ドラッグ・DVD

ドラッグ・DVD

 それは、高校からの友人Mからのメールが始まりだった。今の携帯電話はEメールなんか当たり前に出来る。その友人Mのメールは携帯電話から送ってきたようである。
 内容は「面白いDVDが手に入ったよ。Rも誘ったから今度の日曜でも一緒に見よう」というモノだった。
 コンビニのバイトを辞めて土日が完全にフリーな私が断る訳もない。即刻OKの返事を出し、Rとも連絡を取る。Rはフリーターで暇をもてあましているはずだ。この話に乗らない訳がない。

 当日、私がMの家に行くと、すでにRが来て、MとPSで格闘ゲームをやっていた。
 「遅くなった」
 「やっときたか」
 「ごめん。寝坊してさぁ」
 「夜遅くまでネットしてたんじゃないの?」
 「大当たり」
 さすが高校からの親友。私の行動を良く分かっている。が、嫌な思いはしない。2人につられて私も笑ってしまった。
 「んで?面白いDVDってのは?」
 「あ、そうそうこれなんだけどさー」
 ごそごそと散らかった部屋の中から1枚のDVDを取り出すM。
 そのDVDにはラベルが貼られておらず、ケースもただの透明なケースだった。
 「何?コレ」
 「パッケージとかないの?」
 「いや、俺も友達から借りたから。内容は……見れば分かるよ」
 意味ありげな笑みを浮かべて、MはデッキにDVDをセットする。
 「なんだと思う?」
 「さぁ?映画かな?」
 この前、私はMにDVDのマトリックスを借りたばかりだ。洋画かもしれない。でも、このメンツだからアニメだろうか?
 まぁ、どちにせよ、面白ければそれでいいのだが。
 Mがリモコン操作でDVDを再生させる。
 どんなモノだろうかとわくわくした。

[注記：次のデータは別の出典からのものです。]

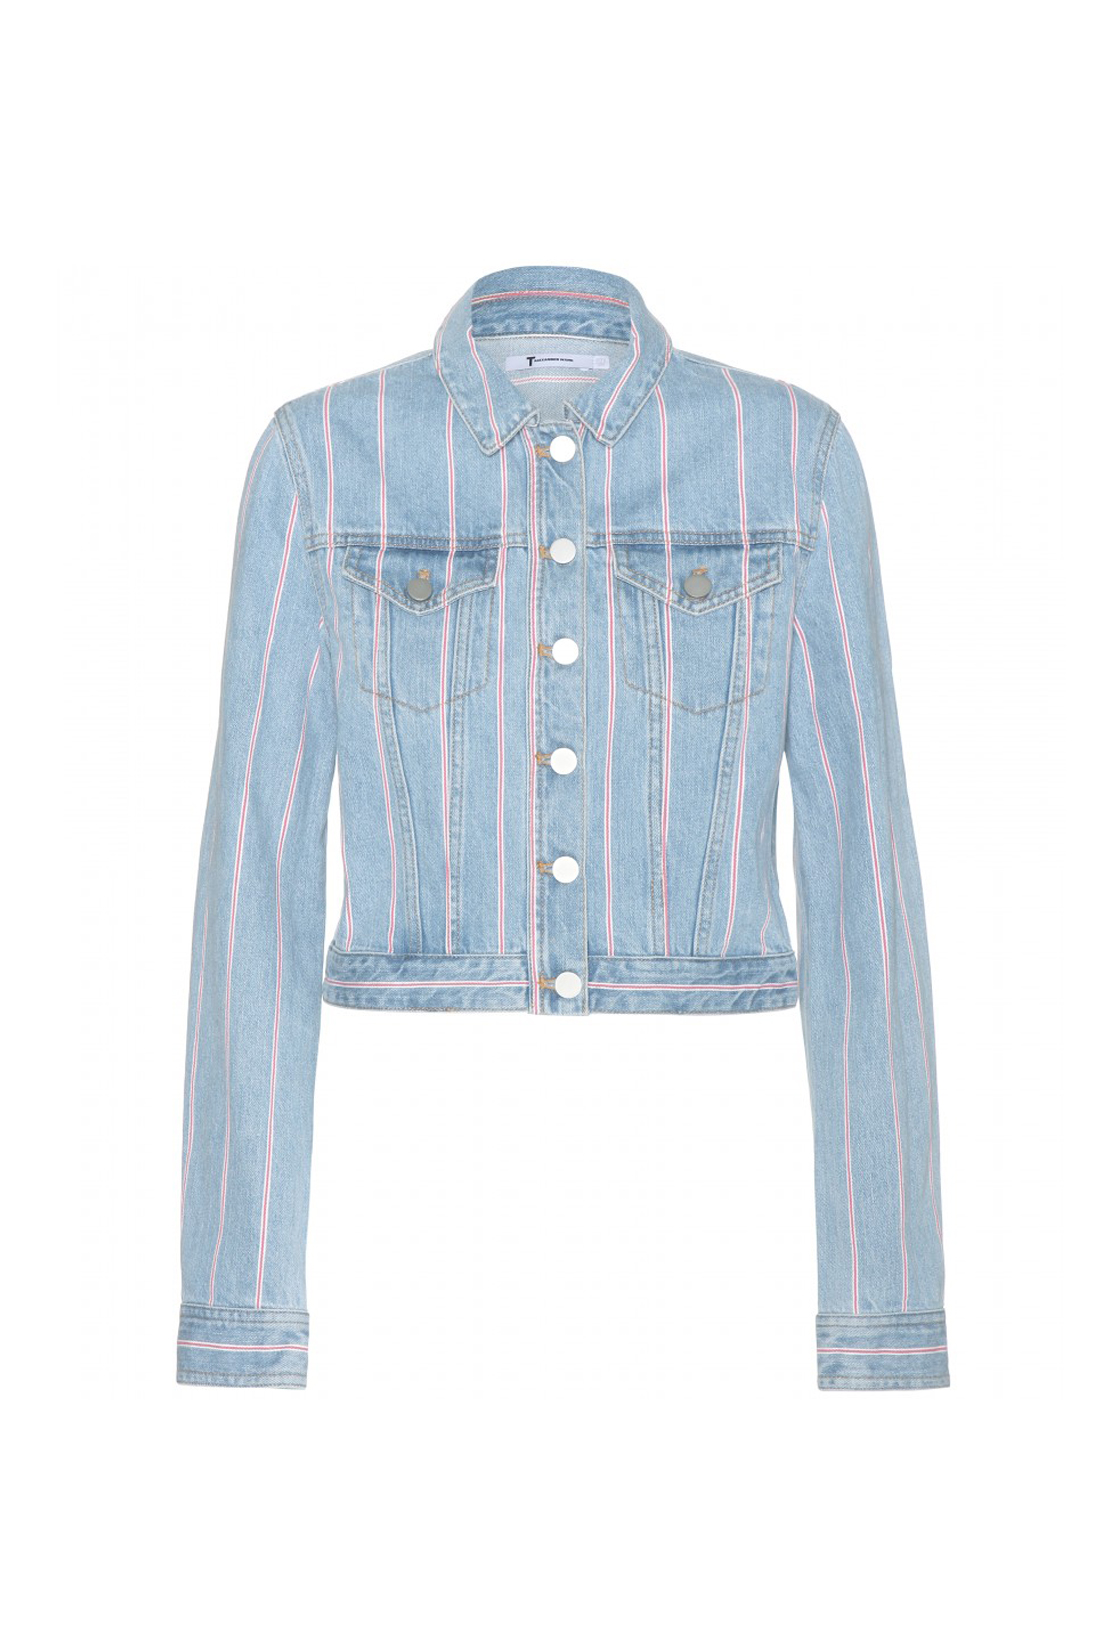 08-spring-denim-trends-shrunken-jackets-01.jpg
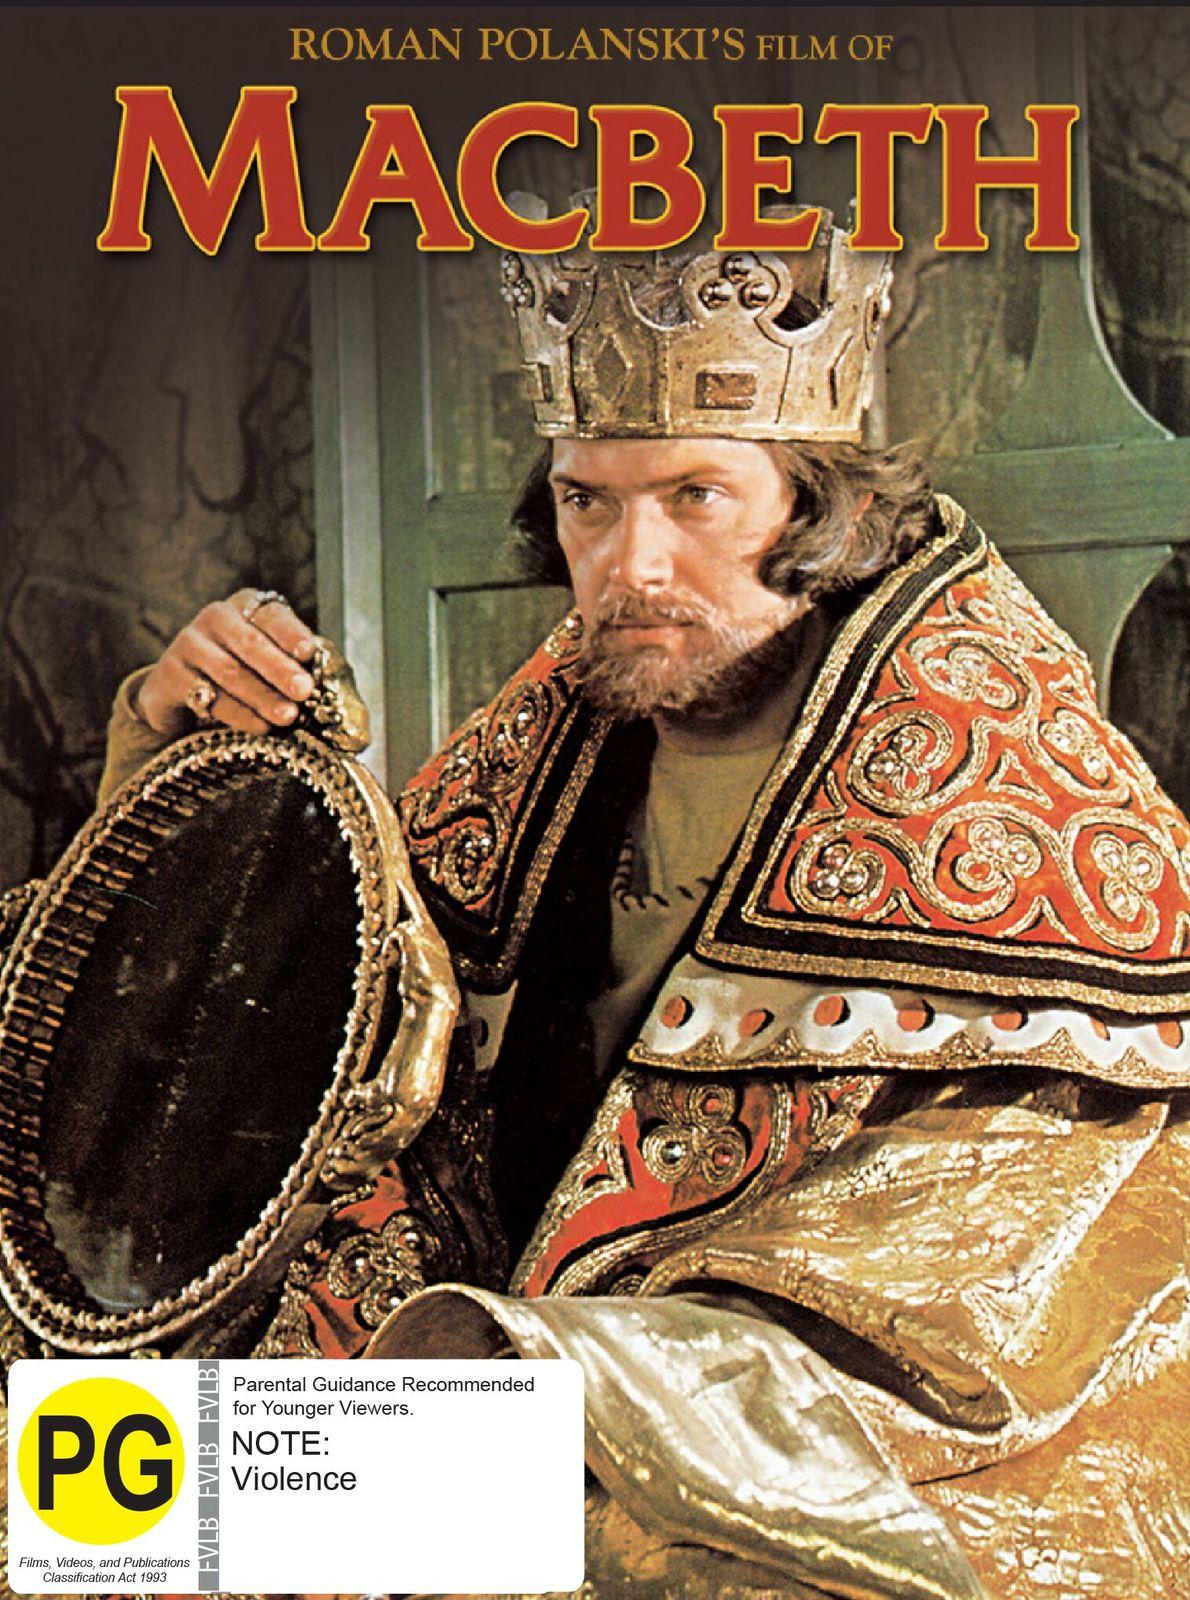 Macbeth image

それはRも同じらしい。Mだけがそんな私達を面白そうに見ている。
 DVDが回転し、映像が画面に映し出された。
 映し出されたモノは、変哲もない単なる公園の映像だったり、高速道路の映像だったり……。
 何かの記録にしては、映像に統一感がない。
 オープニングなのだろうか?
 首を捻りながらその映像を眺めているものの、それは変わることなく、どことも分からない、なんのつながりもない映像が流れ続けた。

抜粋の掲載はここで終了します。